The vehicle is booked into the Motorhome dealer next week for further tests. However can anyone help with the following please:

What current drain should we reasonably expect on the vehicle battery when it is not in use? _(We are fully aware that Motorhomes are notorious for draining batteries quickly)_

Does anybody know the current drain specification for Sigma S34 Alarm when it is armed?

Any comments, tips or hints would be greatly appreciated please.


----------



## DJP (May 9, 2005)

Hi
Welcome to MHF.com.
Do you turn the switch off next to the Sargent ecu box for the reversing camera and TV sound system. That will draw a fair amount of current in standby.


----------



## twinky (Aug 11, 2008)

Just about to mention the rear view camera.......that I fitted on mine needs to be disconnected when left for a length of time.

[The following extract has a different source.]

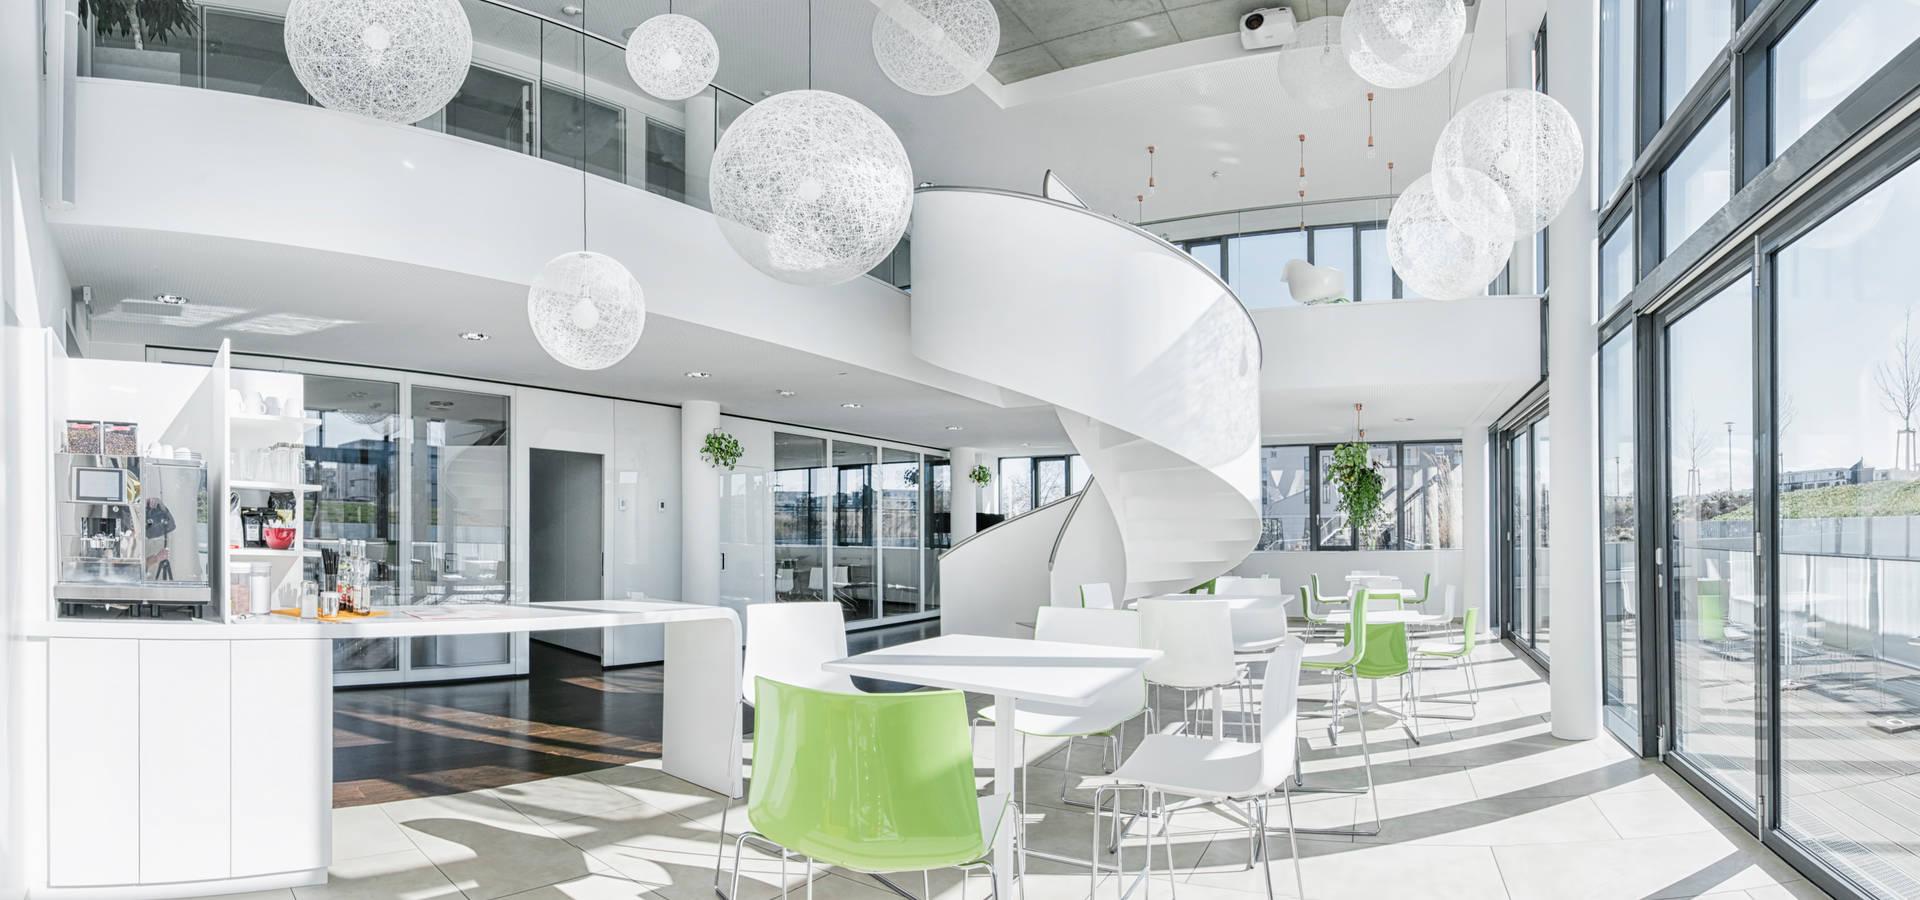 Kaldma Interiors – Interior Design aus Karlsruhe

The leds can be seen glowing faintly at night - this drains the battery over time.


----------



## WUFBER (May 2, 2009)

Thanks DJP & Twinky - we have already eliminated the camera and the switches next to the PSU - all off. I will ask the dealer to double check the actual camera power feed though. The vehicle is still under warranty so I don't want to meddle too much myself at this point.

.....WUFBER


----------



## tonka (Apr 24, 2006)

DJP said:


> Hi
> Welcome to MHF.com.
> Do you turn the switch off next to the Sargent ecu box for the reversing camera and TV sound system. That will draw a fair amount of current in standby.

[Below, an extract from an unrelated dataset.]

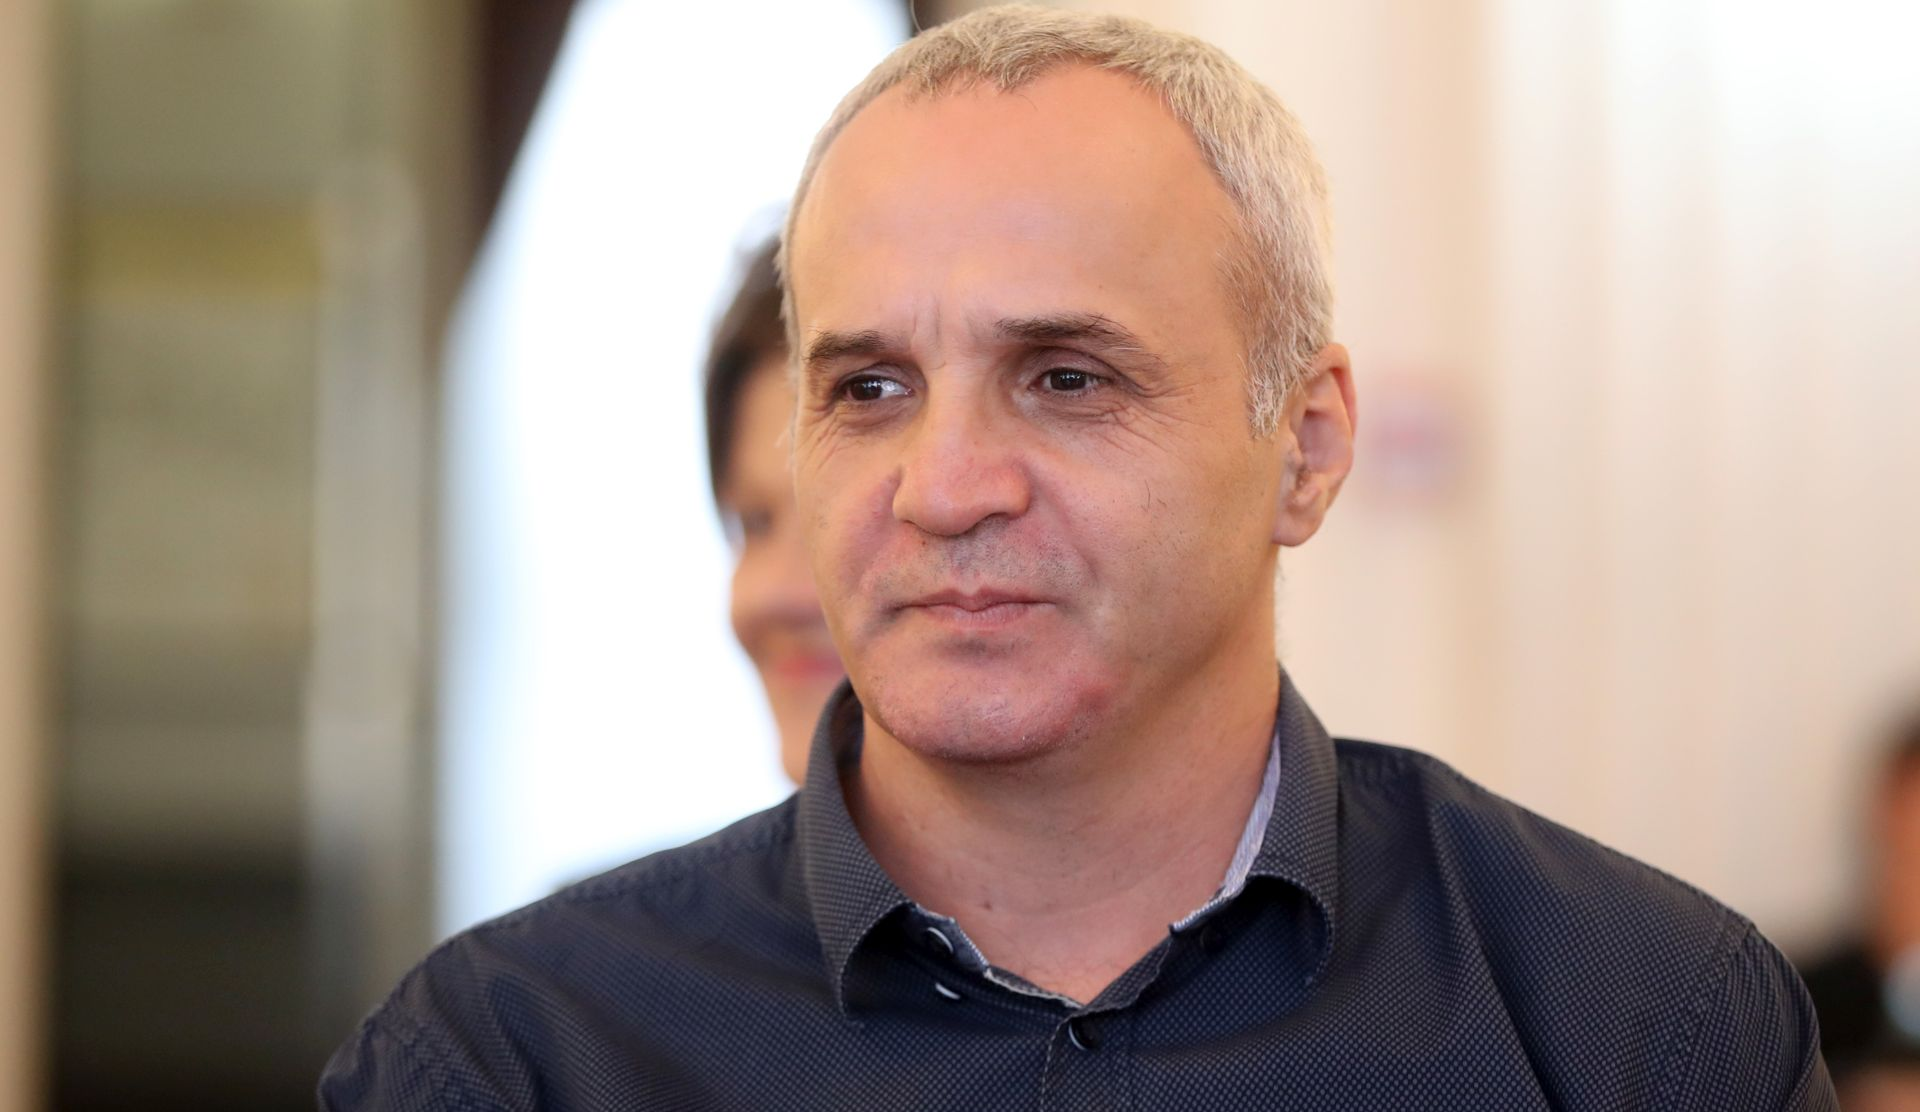 HRT dao otkaz Zovku, pozivaju se na Istanbulsku konvenciju

Agree with this.. The battery on our Apache 700 always drained fast until I turned off the switches near the Main unit...


----------



## zulurita (May 9, 2005)

Ditto re turning off ALL switches in the entertainment cupboard and removing radio as that has a light on when engine off.

We also have a solar panel and battery master which do a very good job of keeping our leisure batteries and vehicle battery topped up. 

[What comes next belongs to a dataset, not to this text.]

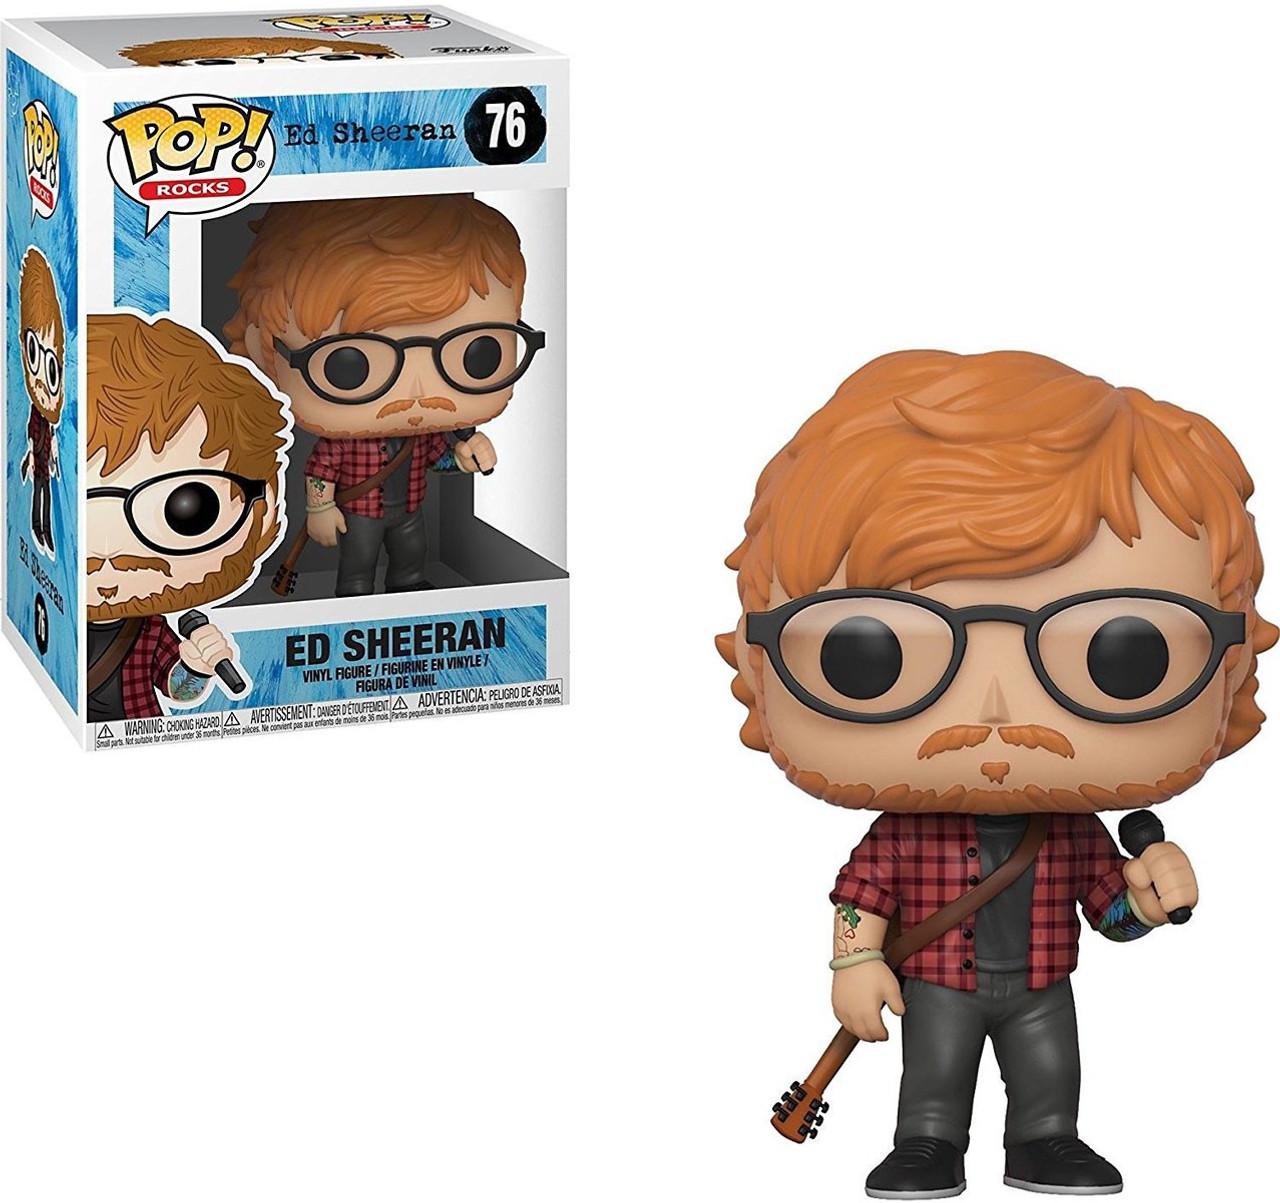 Funko POP! Rocks Ed Sheeran Vinyl Figure #76

We can leave ours for several weeks and it will start first time. (not usually left for this length of time ).


----------



## clodhopper2006 (Aug 13, 2006)

If you need to identify what's drawing the power have you got a multimeter? If so set it to DC amps and connect the meter in series with the battery. You will then see the current being drawn. 
The next step is to remove one by one all the fuses until the current drawn is nothing. This will enable you to identify the circuit concerened.
All you need to do then is isolate the relevent bit of kit when you're parked up.

Bob


----------



## Sargent (Feb 1, 2008)

Hi WUFBER, as has already mentioned there are a number of devices that are "on" even when the vehicle is is switched off. As Bob has suggested and think you may have already identified by removing the fuses one at a time it should be possible to identify the source of the drain, but if, as some devices are connected permanatly to the vehicle battery, the alarm and immobiliser this is very difficult to fault find.
If you have acess to a multimeter and we can help by talking you through some checks then please either call us (01482 678981) or send us a PM with your contact details and we will call you back.

Best regards

Ian Sargent


----------



## WUFBER (May 2, 2009)

Following Bob's advice I did some testing this morning with a multimeter. I also reset the EC100 Control panel by removing the vehicle and leisure battery fuses in the EC325 (as directed in the fault table in system document on the Sargent web site). As a result the current draw is now a constant 110 - 120mA, once things have settled down.

When the vehicle is locked and alarmed after the initial surge, as all the systems settle down, the drain reduces to 110mA. So it appears that the fault has cleared itself. 

I have tried to replicate it by operating all the various 12v systems in the vehicle but it now appears to be much better. 

From talking to people off-line I understand that an X250 Motorhome with a Sigma alarm will normally draw about 100mA. additionally the Phantom takes 12 - 18mA. Therefore 120mA seems about right.

Thanks to Dave at Sargent for calling me back and advising me what to do if the problem reoccurs.

…..Will (Wufber)


----------